The Synthetic Biology section includes artistic objects that mimic biology, such as a beautifully vibrant textile by aboriginal designer Judith Kngwarreye who creates a landscape of local flora and fauna.. It also features Aizenberg’s nanoscale crystal “flowers” and artificial cilia-covered self-cleaning materials, and an artificial Vascular Tree sculpture from the Lewis lab, which features silicone tubing filled with a dyed polymer that imitates blood flow through vessels, and guides how her team builds artificial vasculatures into their 3D printed organs.

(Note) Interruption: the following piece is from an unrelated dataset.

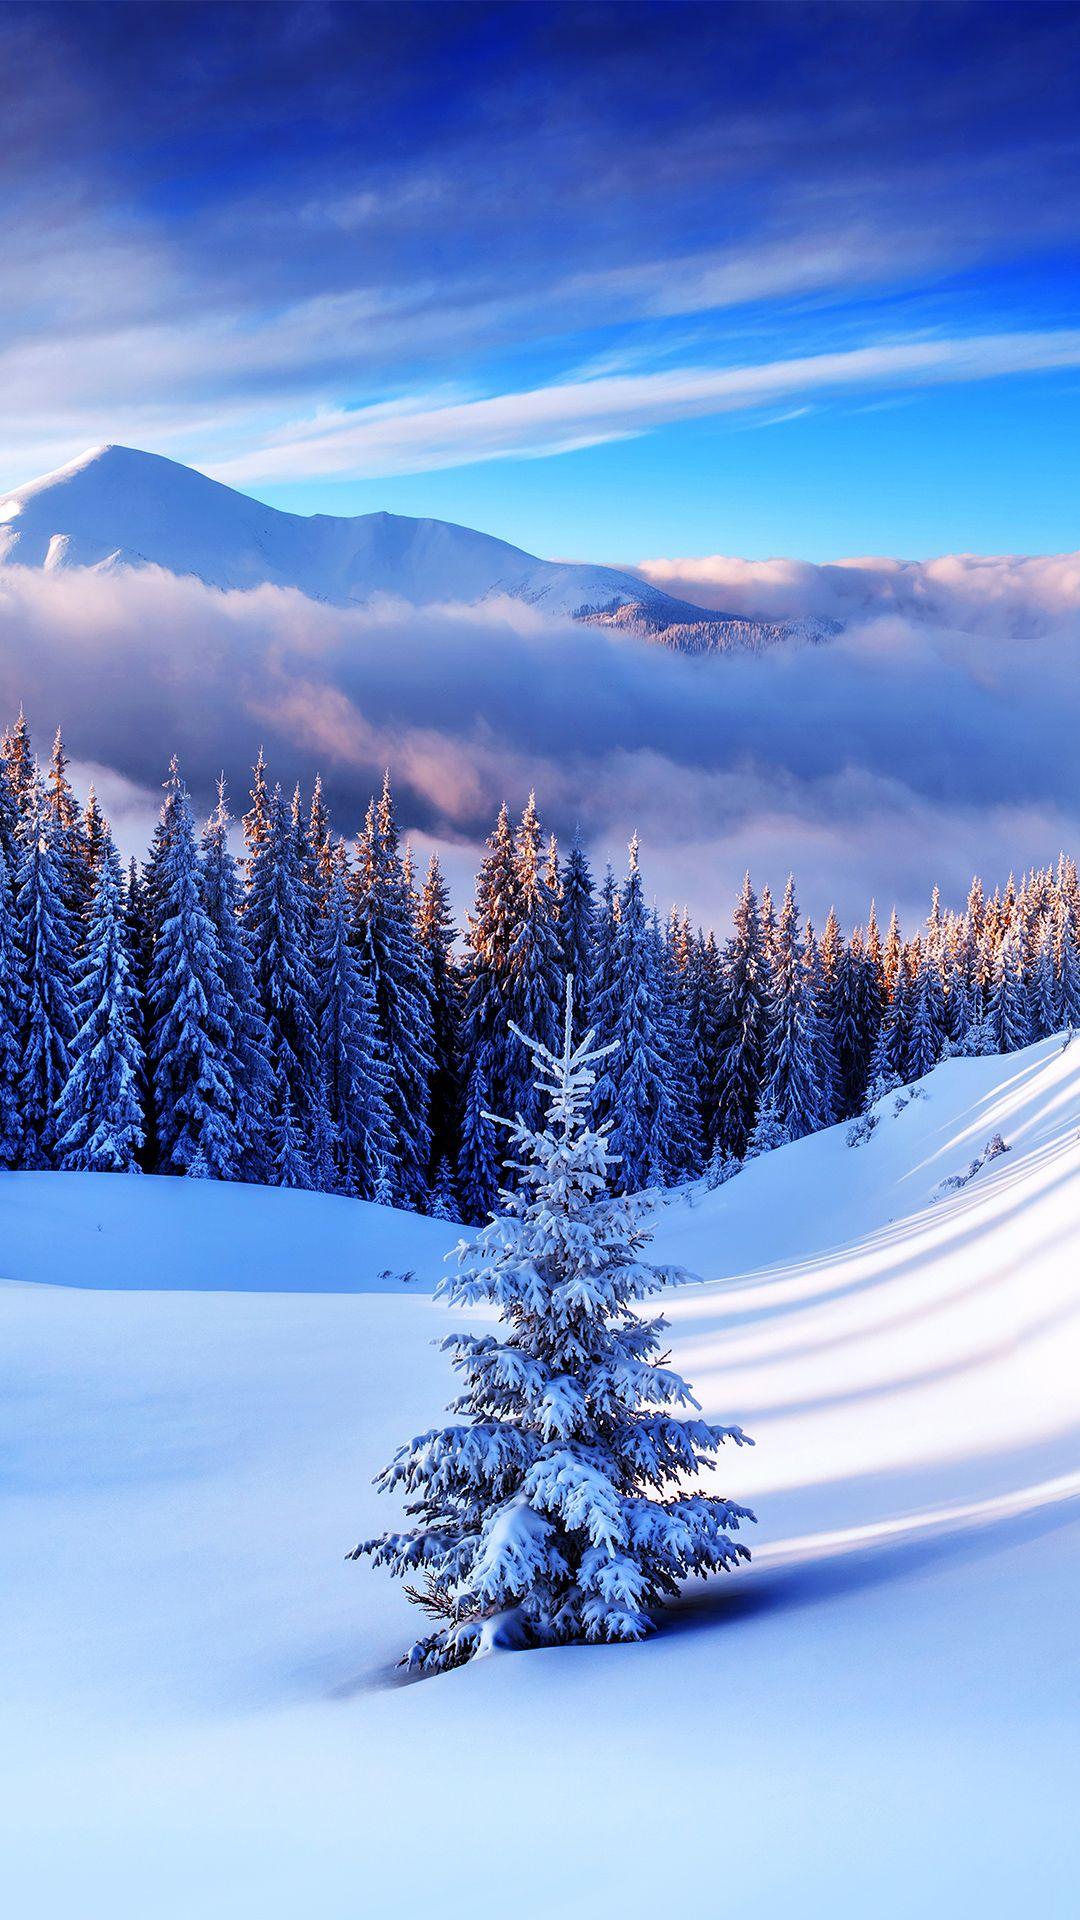 Winter Mountain Tree iPhone 6S Plus Wallpaper

Finally, the Biofuturism section examines how biologically inspired design can change our bodies and the world. Among the items on view is a balaclava from Stoll’s Performance+ series of athletic garments that incorporates a mesh structure with copper wire that heats air to 104⁰ F before it is inhaled, decreasing the incidence of chest infection among runners and other winter athletes. The Flex-Foot Cheetah X-tend running blade is an artificial leg that interfaces directly with the human body to improve its performance, and is the only prosthetic foot that has ever been worn in the Olympics. Also included in the collection are fellow Wyss member Rob Wood’s RoboBee microscale robot whose flying motions replicate that of a bumblebee, Silver’s “Bionic Leaf” that captures solar energy to produce oxygen and fuel like a living plant leaf, and Organs-on-Chips from Ingber’s lab lined with living human cells that recapitulate the structure and function of human organs within a handheld plastic chip as way to replace animal testing and advance personalized medicine.
“We hope that the broad range of objects that we have selected for this exhibition convey the potential of biologically inspired design to have an enormous impact on nearly every aspect of human life, and encourages people from diverse fields to look to nature for fresh ideas to both existing and new problems,” said Ingber.